Chuck Berry

Mar 20th, 2017 | By | Category: Entertainment, News & Features, RIP

By Frederick H. Lowe

Chuck Berry, who died Saturday, was held in such high esteem as the father of rock n roll that rock royalty often played backup in his bands.

At Berry’s 60th birthday celebration in St. Louis, Eric Clapton, and Keith Richards of the Rolling Stones, huge stars in their own right, backed Berry as he sang and duck walked across the stage while the audience danced in the aisles or in their seats.

The late John Lennon, co-founder of the Beatles, who sang from time to time with Berry, paid him the ultimate tribute when he said, “If you tried to give rock and roll another name, you might call it Chuck Berry.”

The 90 year-old Berry died Saturday at his home in St. Charles, Mo.

“We are deeply saddened to announce that Chuck Berry, beloved father, grandfather and great-grandfather, passed away at his home today (Saturday) at the age of 90. Though his health had deteriorated recently, he spent his last days at home surrounded by the love of his family and friends,” according to his website.

On October 18th, his 90th birthday was supposed to be a celebration. He said he would release in 2017 his first album in 38 years. The album consists of new songs he had written and produced. He planned to dedicate the album to Thelmetta, his wife of 68 years. The release date for the new album, simply titled “Chuck,” has not yet been announced.

A signature guitarist and a prolific songwriter, Berry wrote songs about fast cars, women and the gifted, like the subject of one of his greatest hits, “Johnnie B. Goode.”  The song’s lyrics said Johnnie B. Goode never learned to read or write so well, but he played the guitar like “ringing a bell.” In the song “Nadine,” she drove a coffee-colored Cadillac.

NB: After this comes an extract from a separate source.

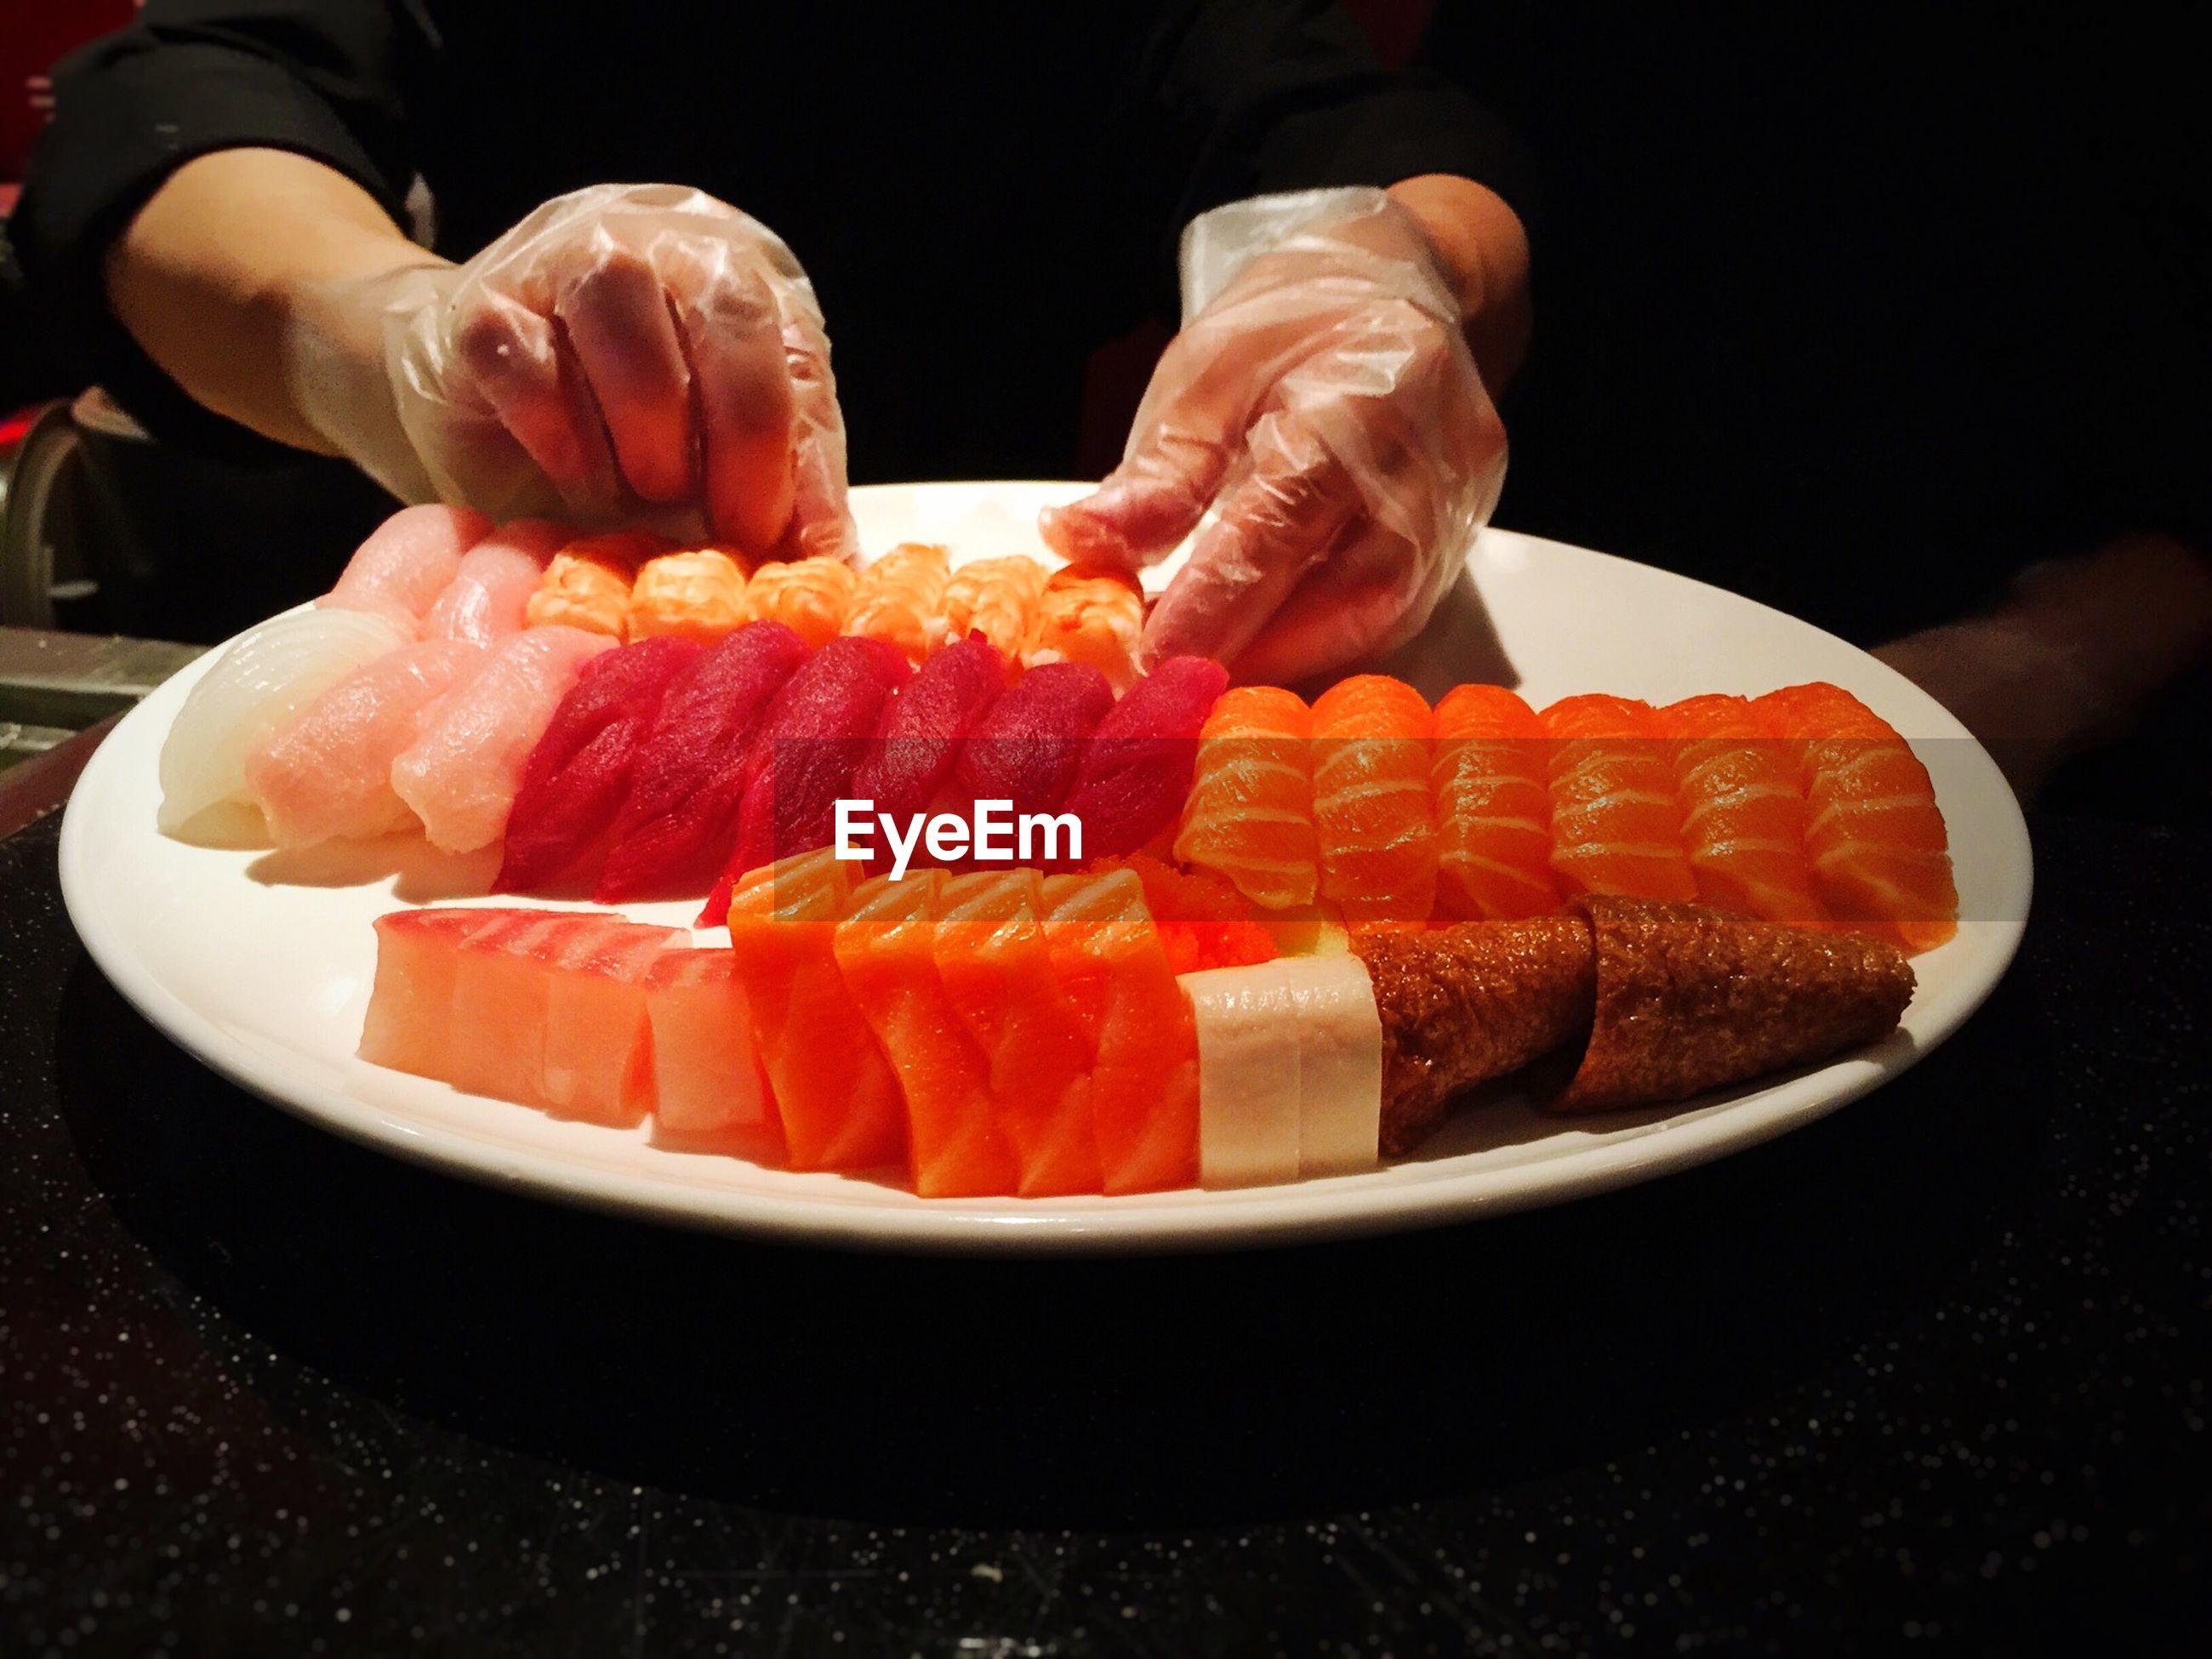 Cropped image of hand arranging salmon sashimi on plate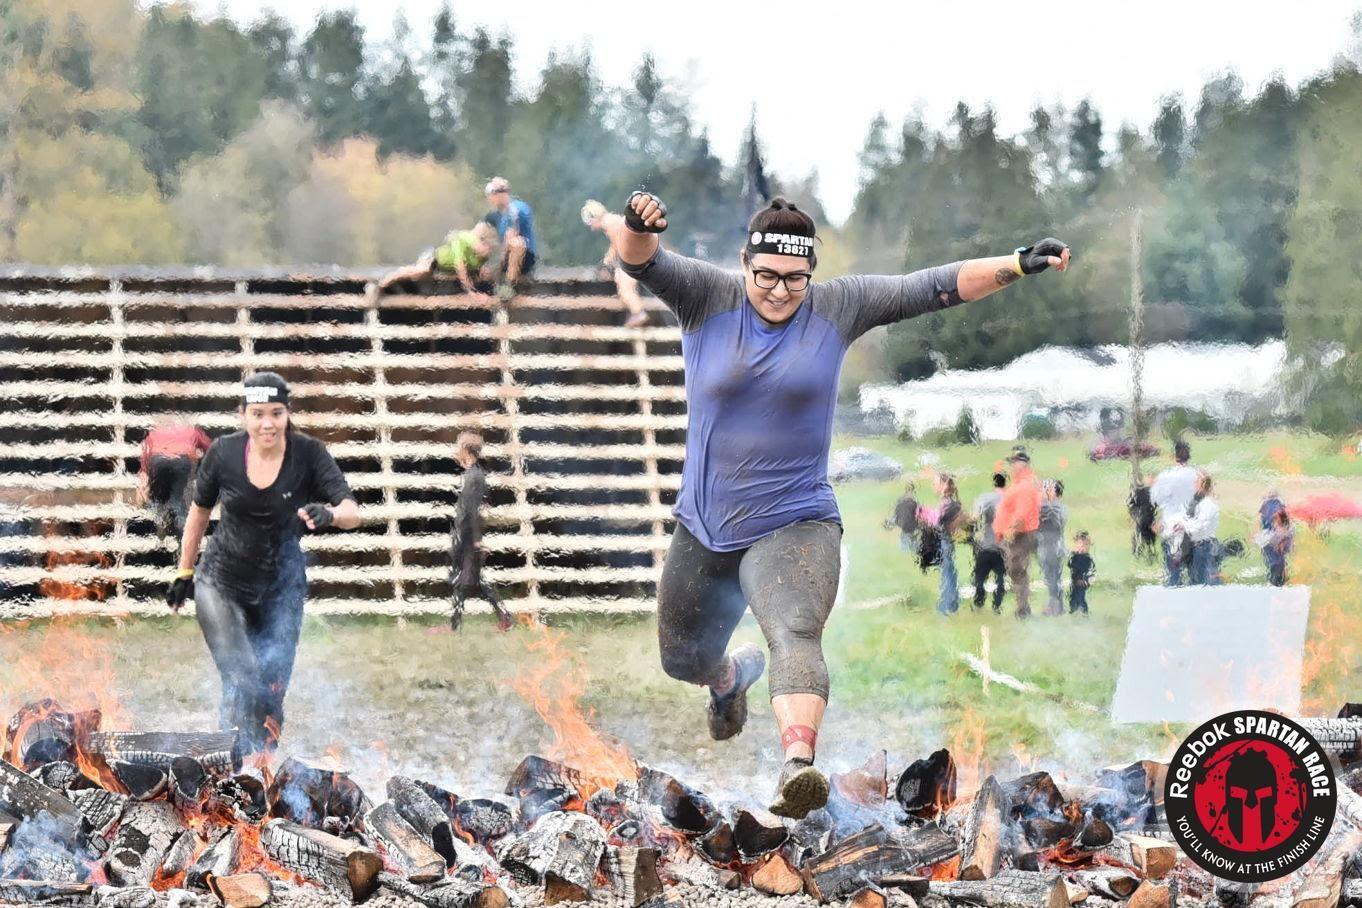 Seattle Spartan Sprint, 2016. Photo Credit: Spartan Race

During Berry’s long career, he was imprisoned twice for income tax evasion and a conviction for violating the Mann Act, which involved taking a 14-year-old girl across state lines for illicit purposes. The Mann Act also was used against heavyweight boxing champion Jack Johnson in 1912 and architect Frank Lloyd Wright in 1926. The charges were dropped against Wright but Johnson was convicted.

Charles Edward Anderson “Chuck” Berry was born October 18, 1926, in St. Louis. His parents were grandchildren of slaves.